> [SUPPLIED DATA]
....
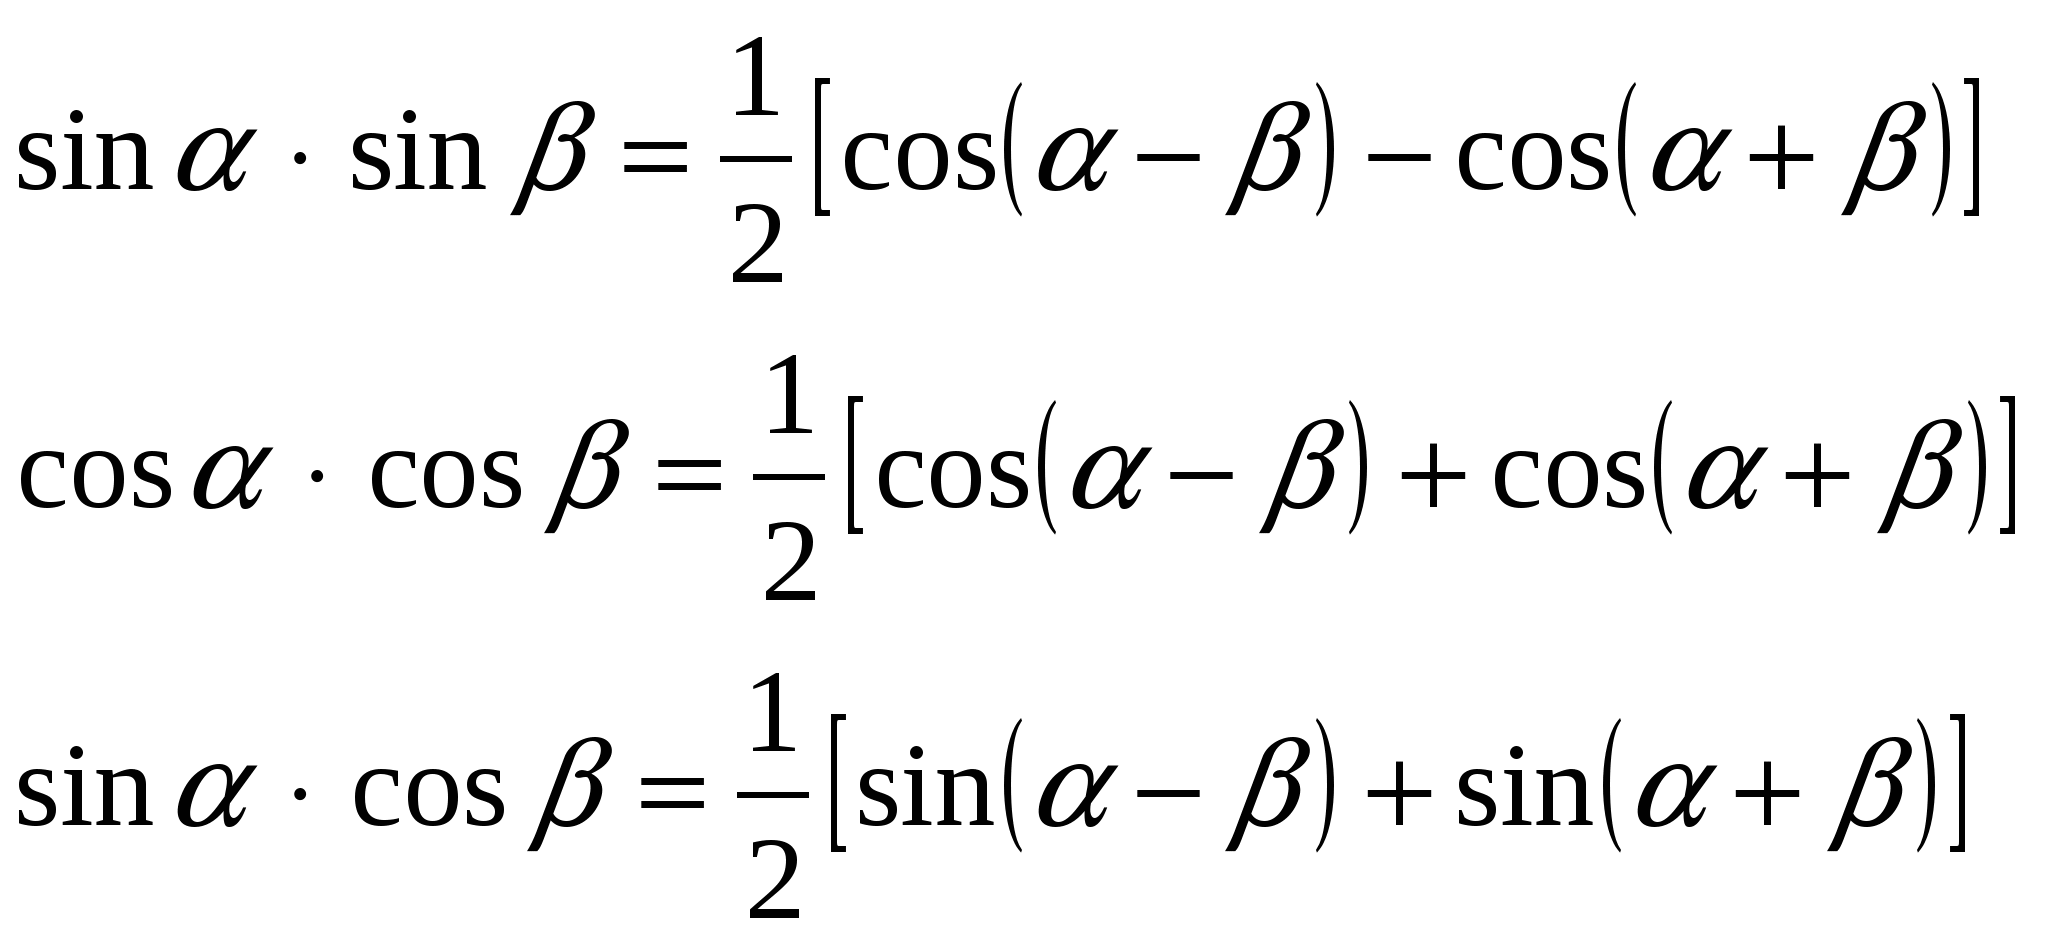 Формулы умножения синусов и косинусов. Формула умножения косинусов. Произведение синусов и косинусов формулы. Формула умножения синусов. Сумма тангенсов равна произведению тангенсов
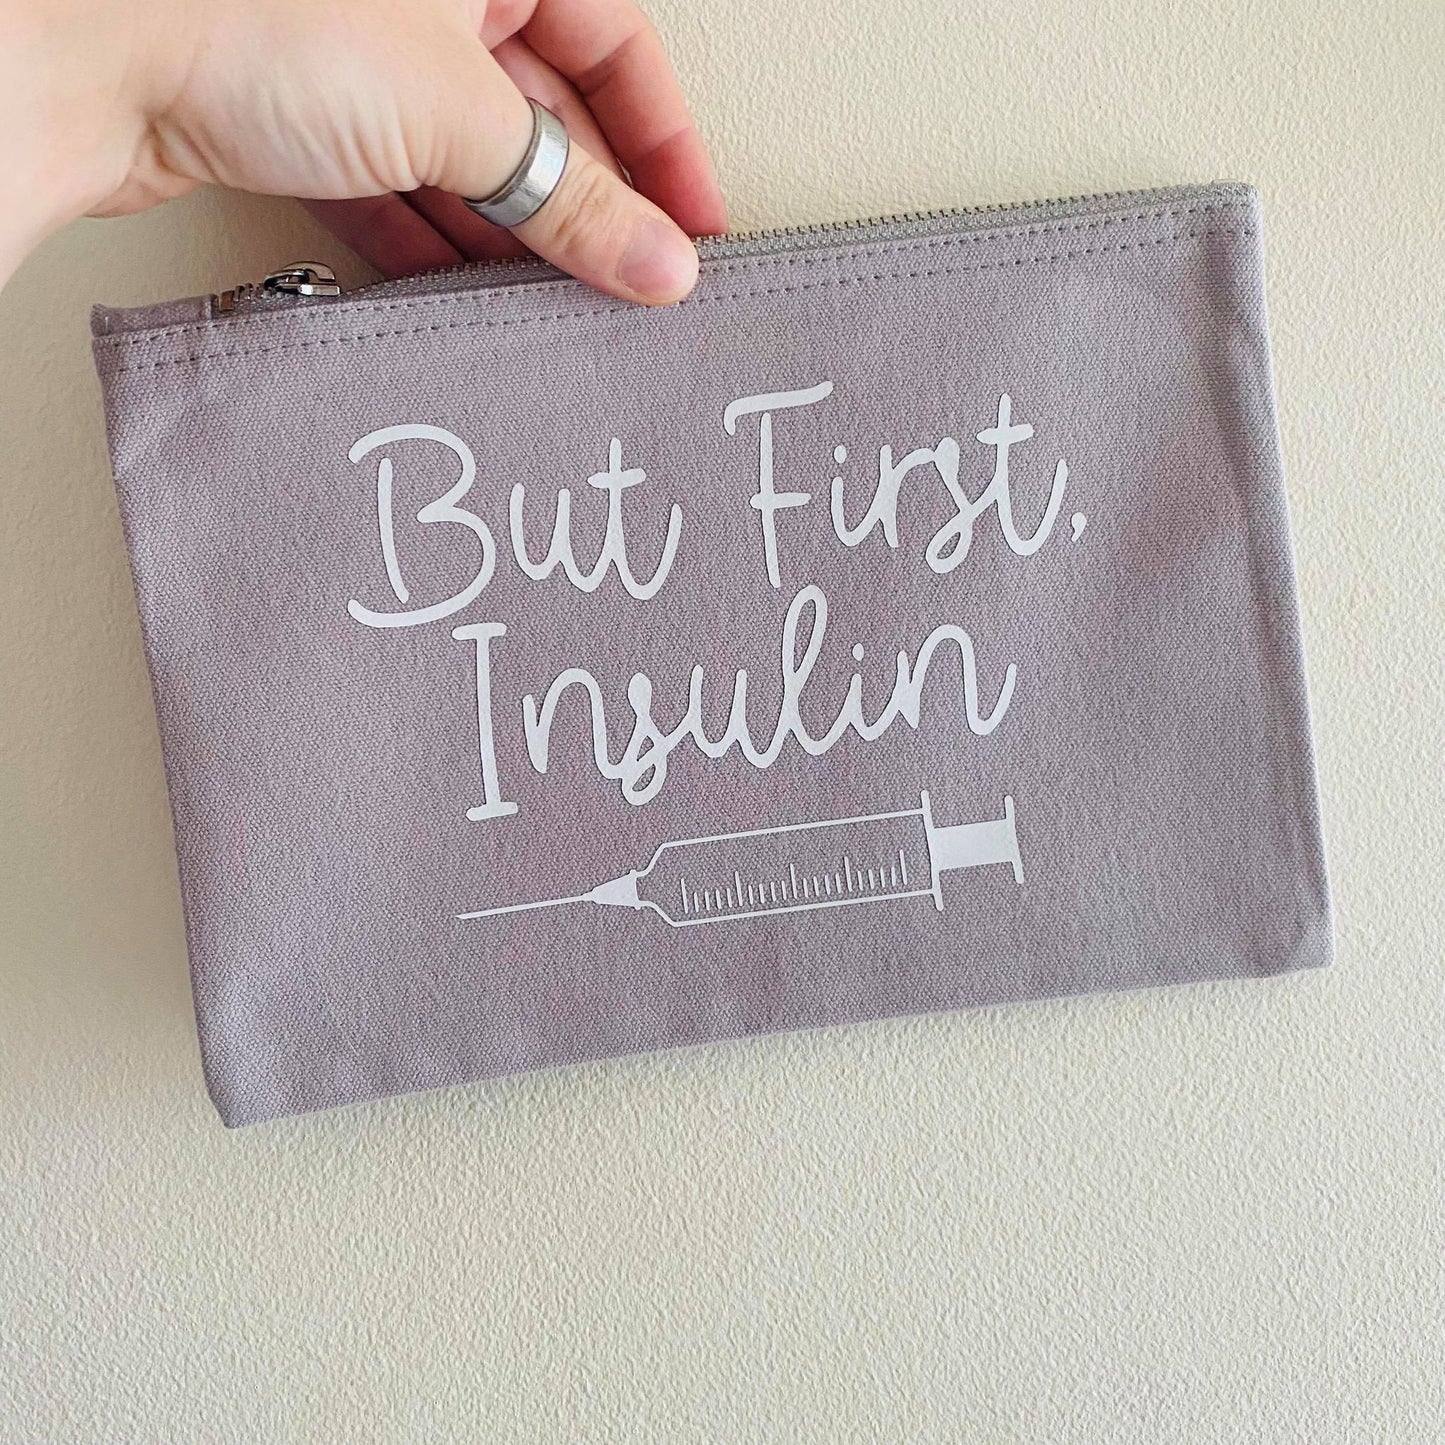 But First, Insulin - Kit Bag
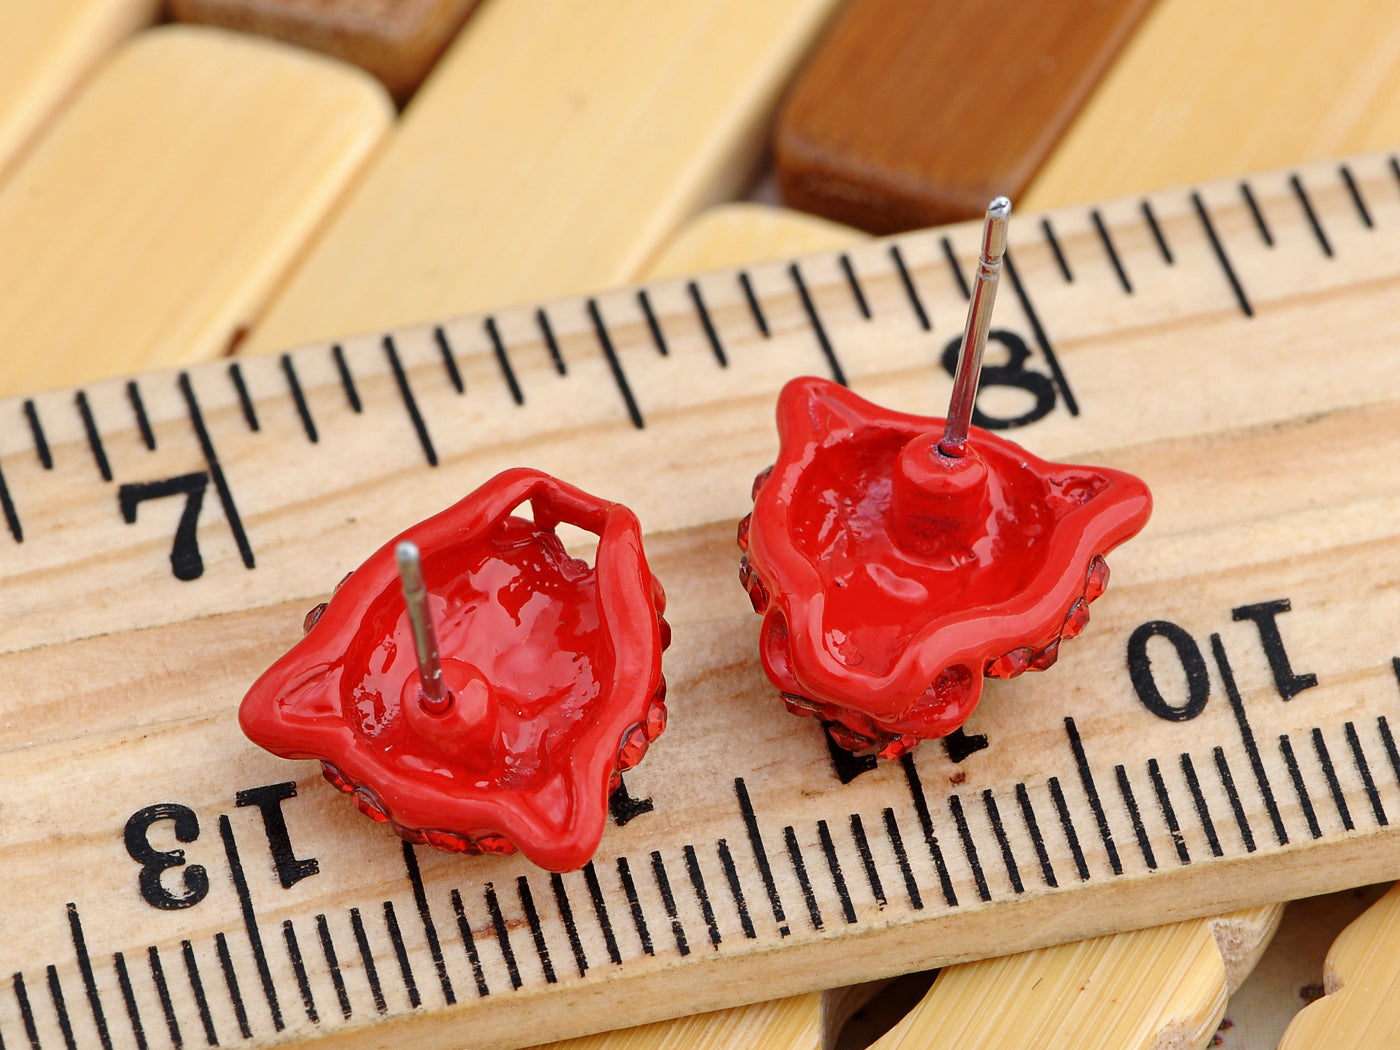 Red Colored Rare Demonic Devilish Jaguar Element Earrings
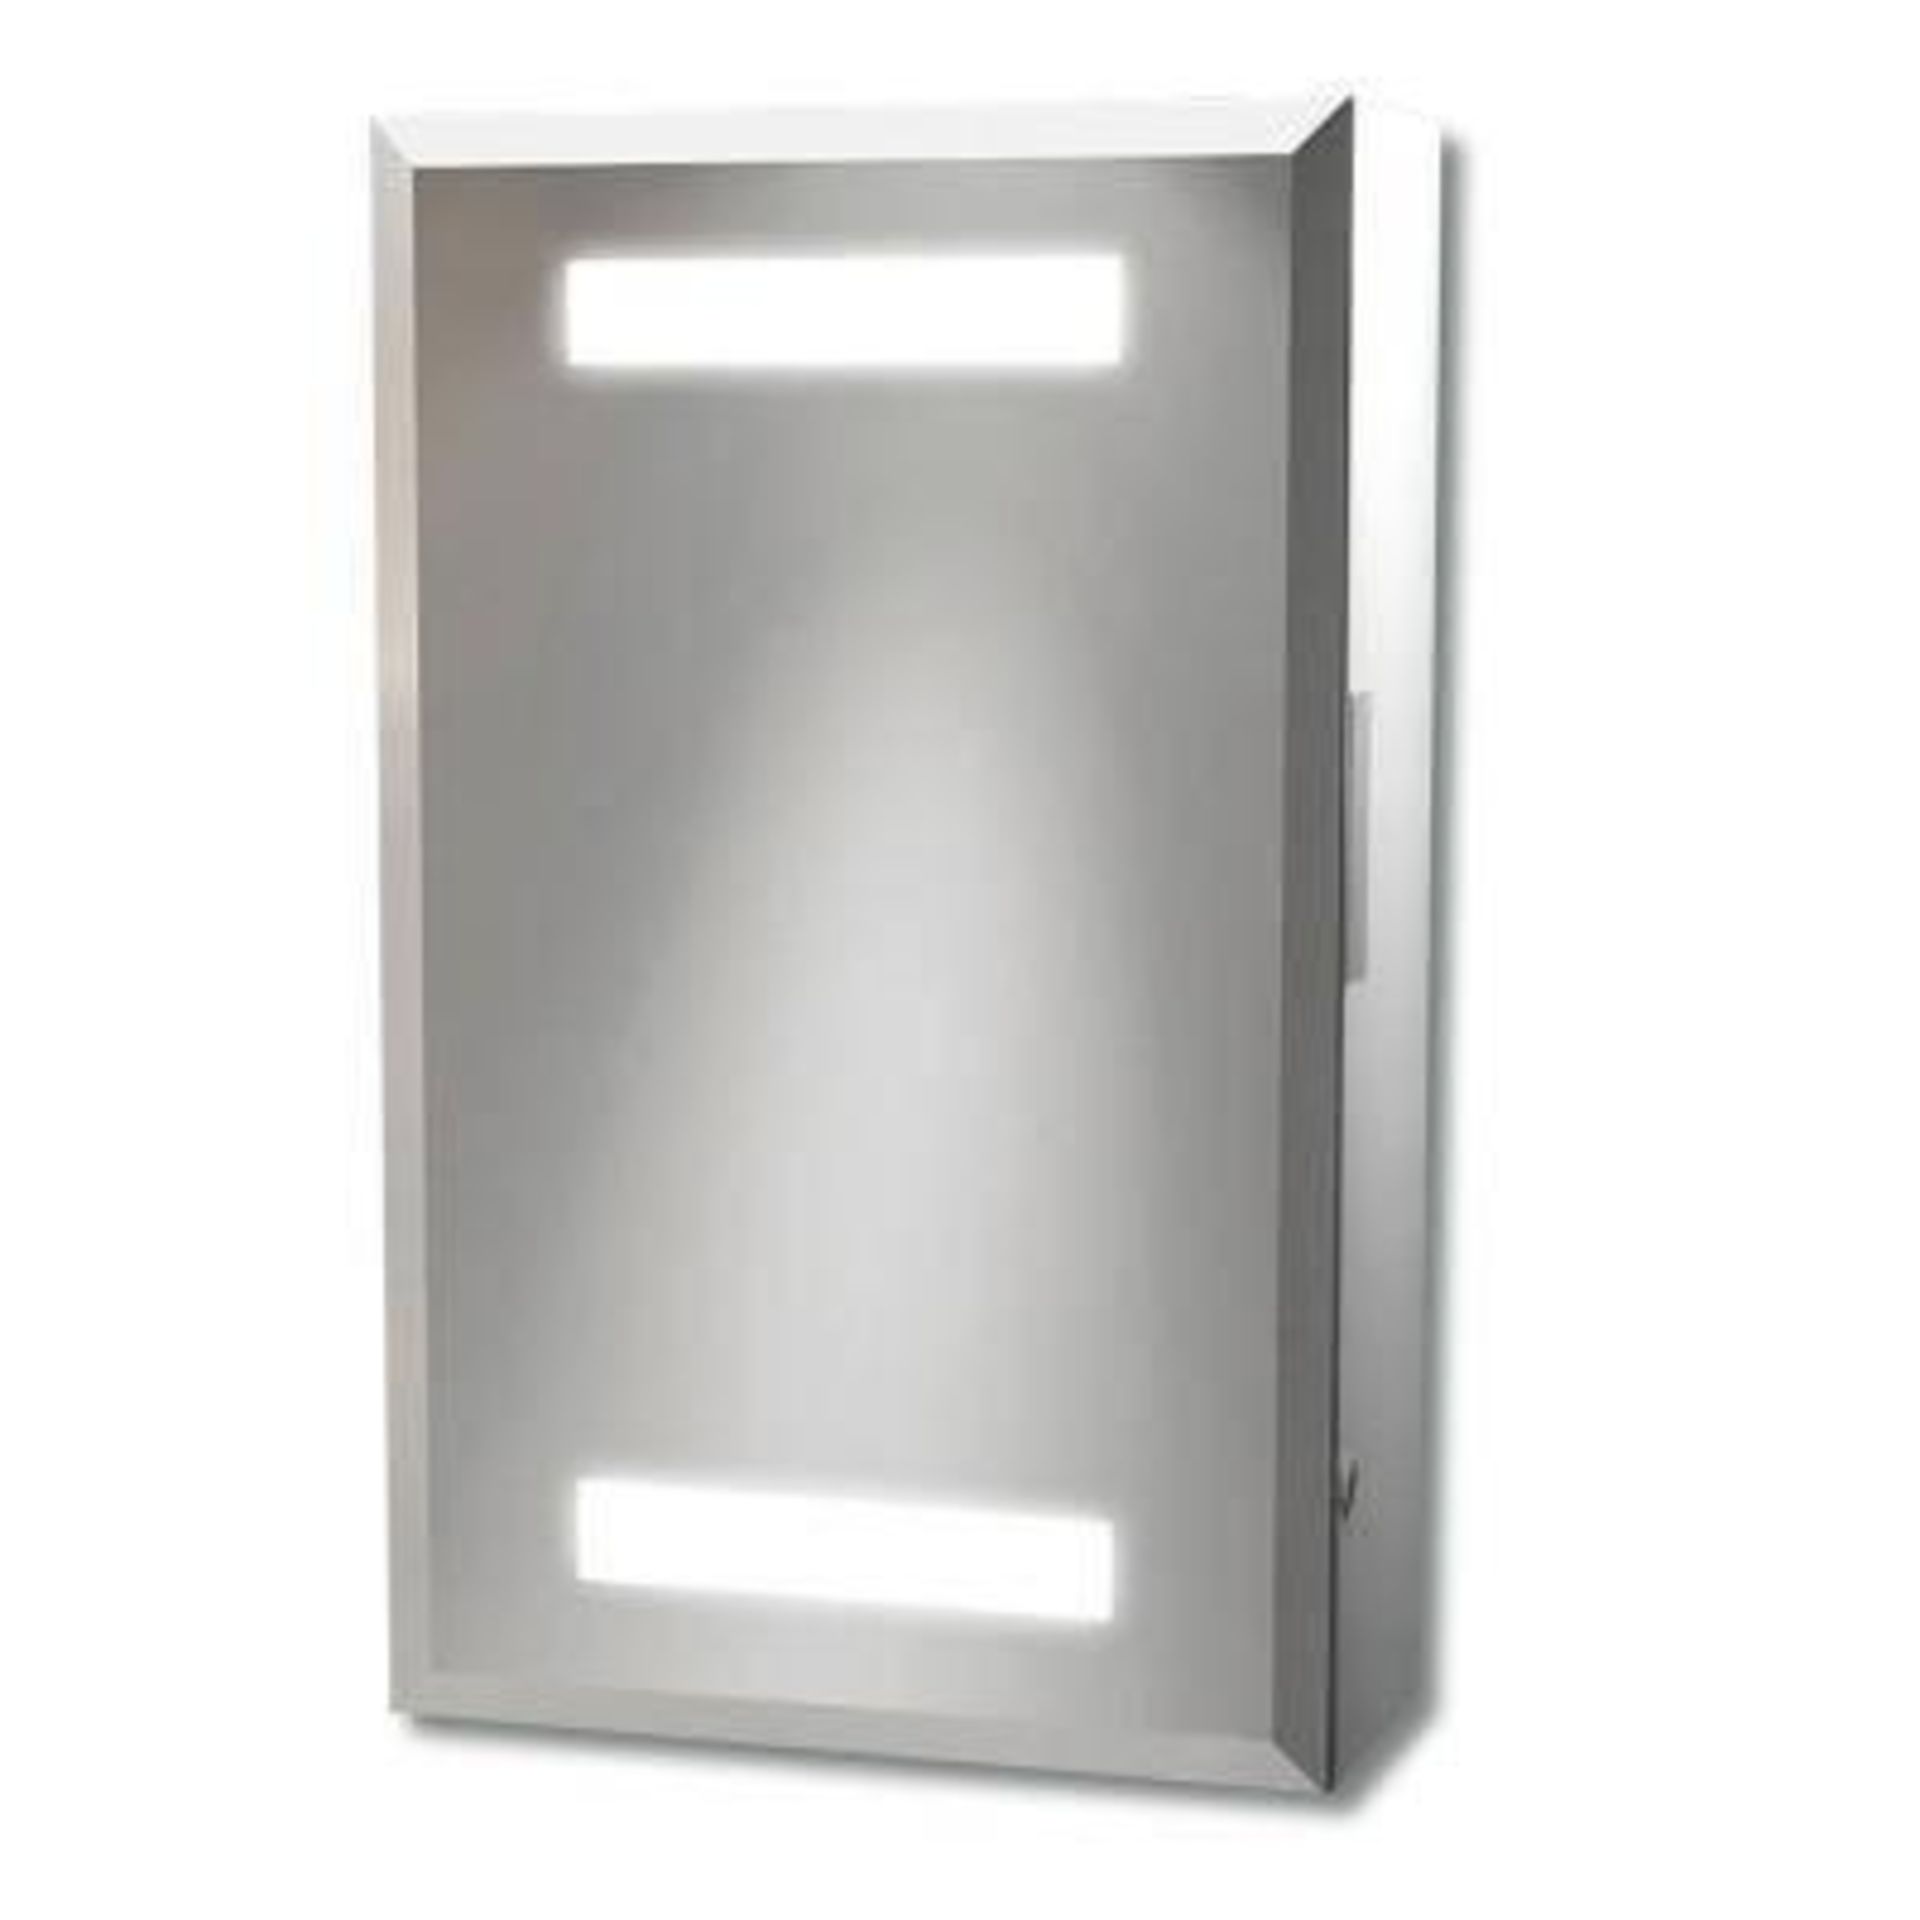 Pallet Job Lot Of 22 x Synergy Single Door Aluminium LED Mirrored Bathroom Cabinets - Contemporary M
....
> [TASK OBJECTIVE]
From the line holding "But First, Insulin - Kit Bag" through the last line of the material above, each line should be written out exactly, both included; omit the pictures.

> [WRITTEN REPLY]
 But First, Insulin - Kit Bag
 Red Colored Rare Demonic Devilish Jaguar Element Earrings
 Pallet Job Lot Of 22 x Synergy Single Door Aluminium LED Mirrored Bathroom Cabinets - Contemporary M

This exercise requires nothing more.